_Work to be completed_
The pictures get dropped, while every remaining part of the listing is copied exactly.

_Given information_
□ □ □ □ □

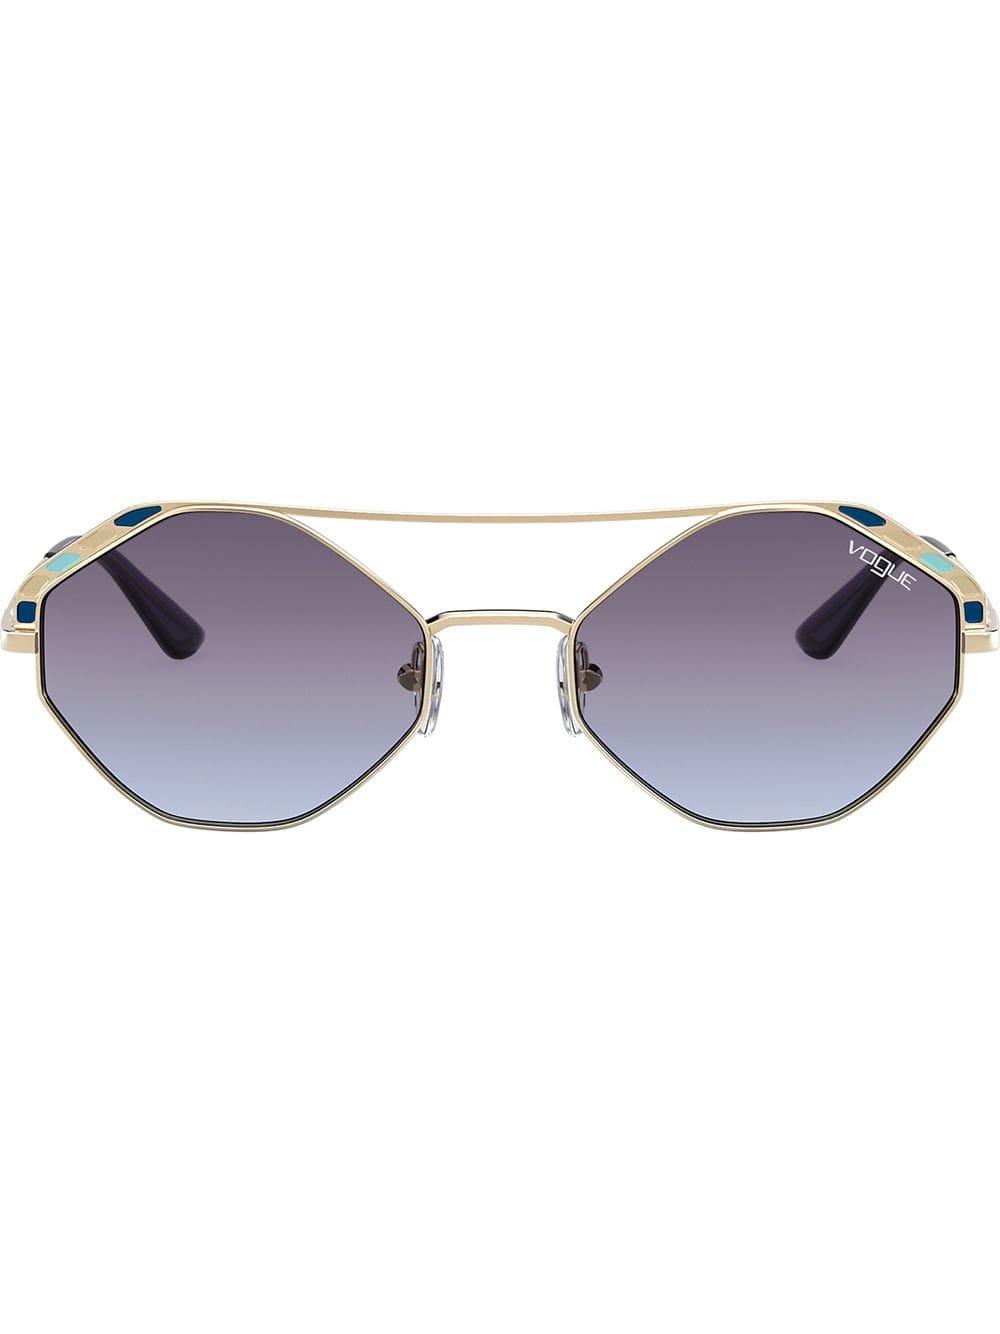 Vogue Eyewear Round Frame Sunglasses in Gold (Metallic) - Lyst
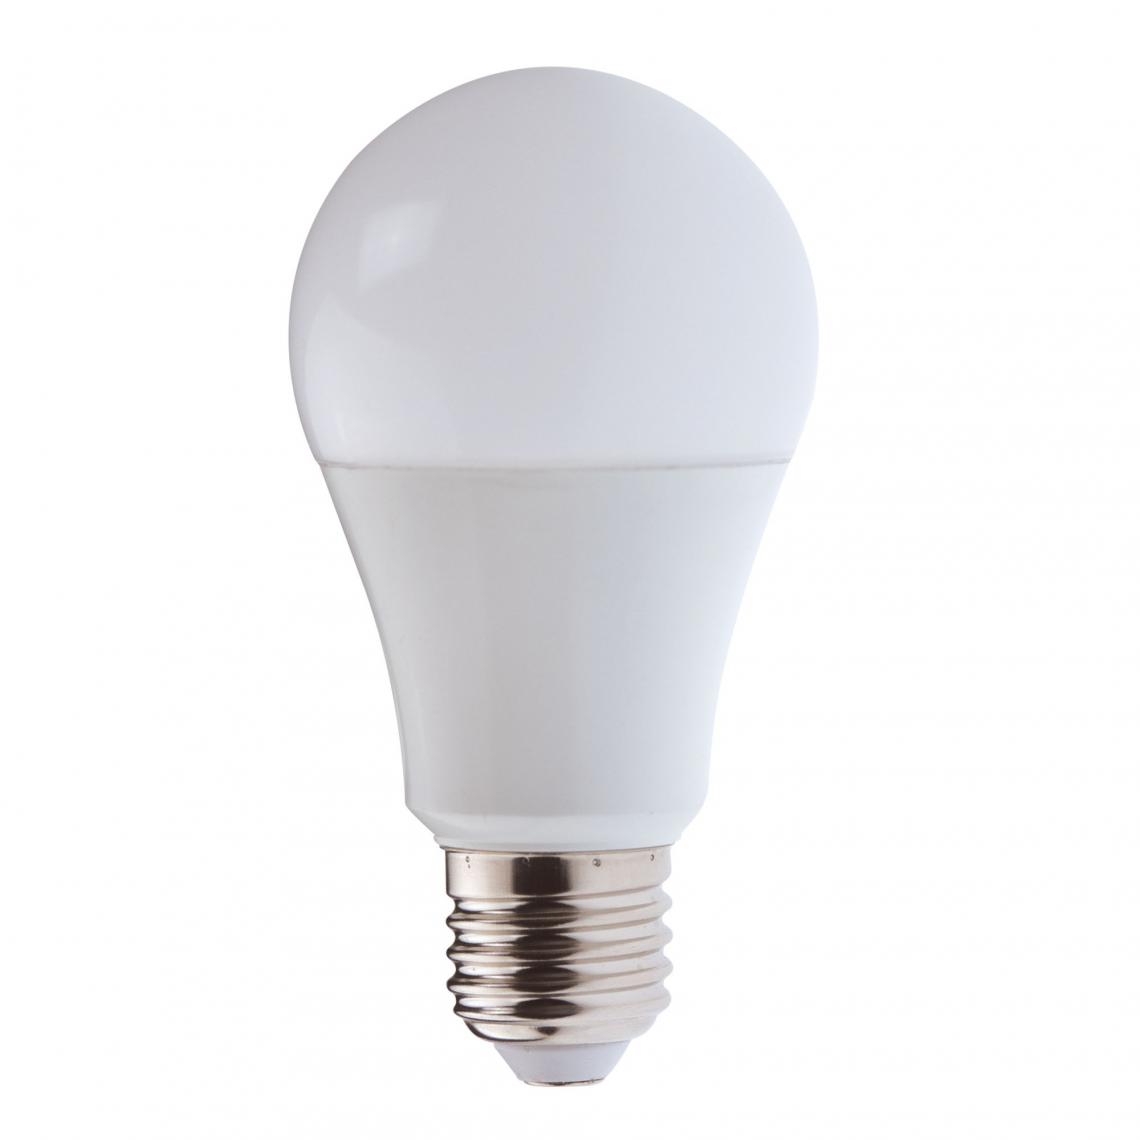 Velamp - Ampoule LED SMD, standard A60, 9W / 806lm, culot E27, 3000K - Ampoules LED
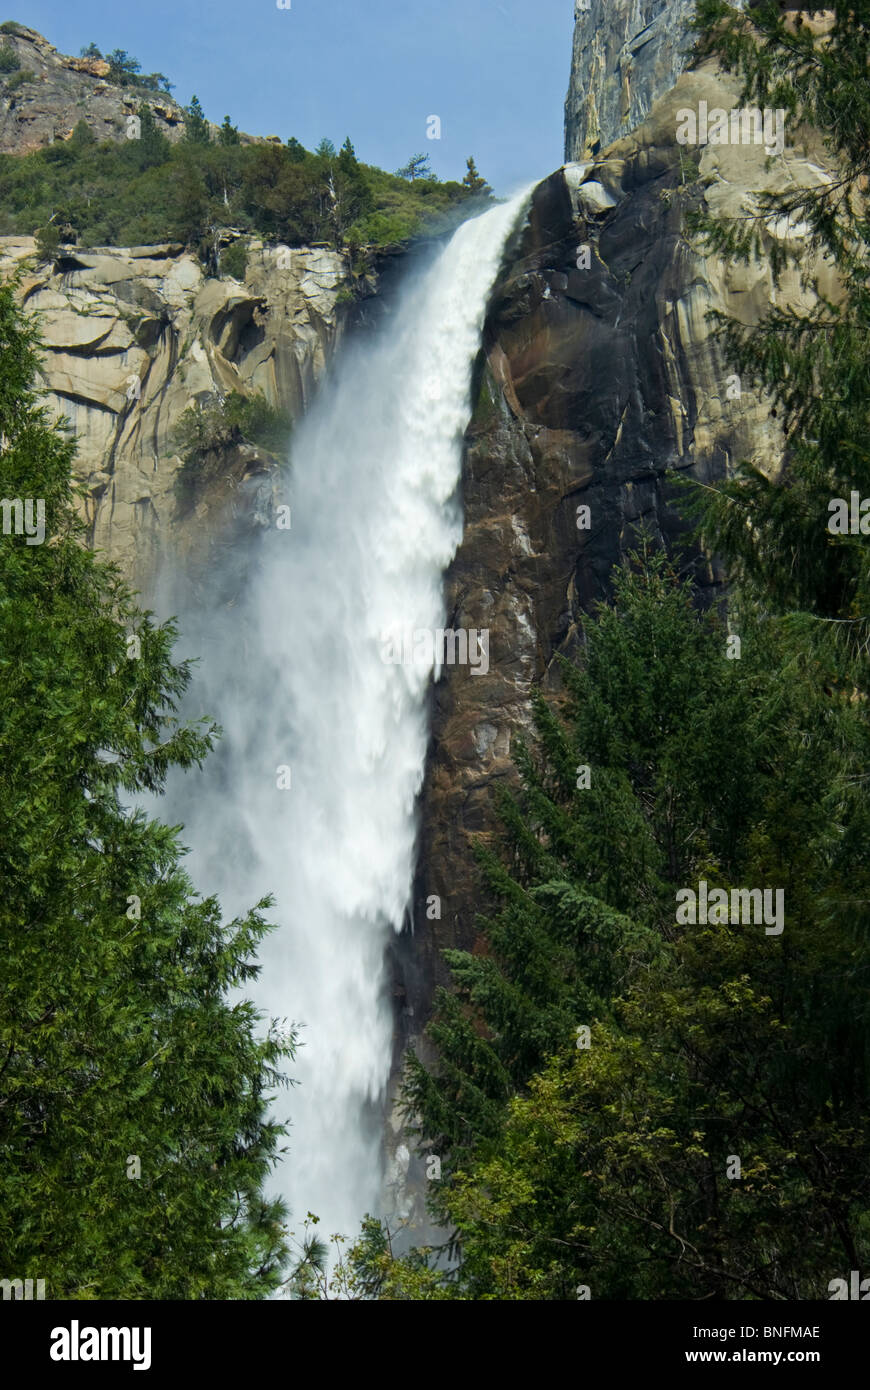 Yosemite National Park, Californie, Suite Nuptiale Vail tombe en panne vers le bas de la montagne dans les inondations du printemps Banque D'Images

□ □ □ □ □

_Result of the exercise_
 Vogue Eyewear Round Frame Sunglasses in Gold (Metallic) - Lyst
 Velamp - Ampoule LED SMD, standard A60, 9W / 806lm, culot E27, 3000K - Ampoules LED
 Yosemite National Park, Californie, Suite Nuptiale Vail tombe en panne vers le bas de la montagne dans les inondations du printemps Banque D'Images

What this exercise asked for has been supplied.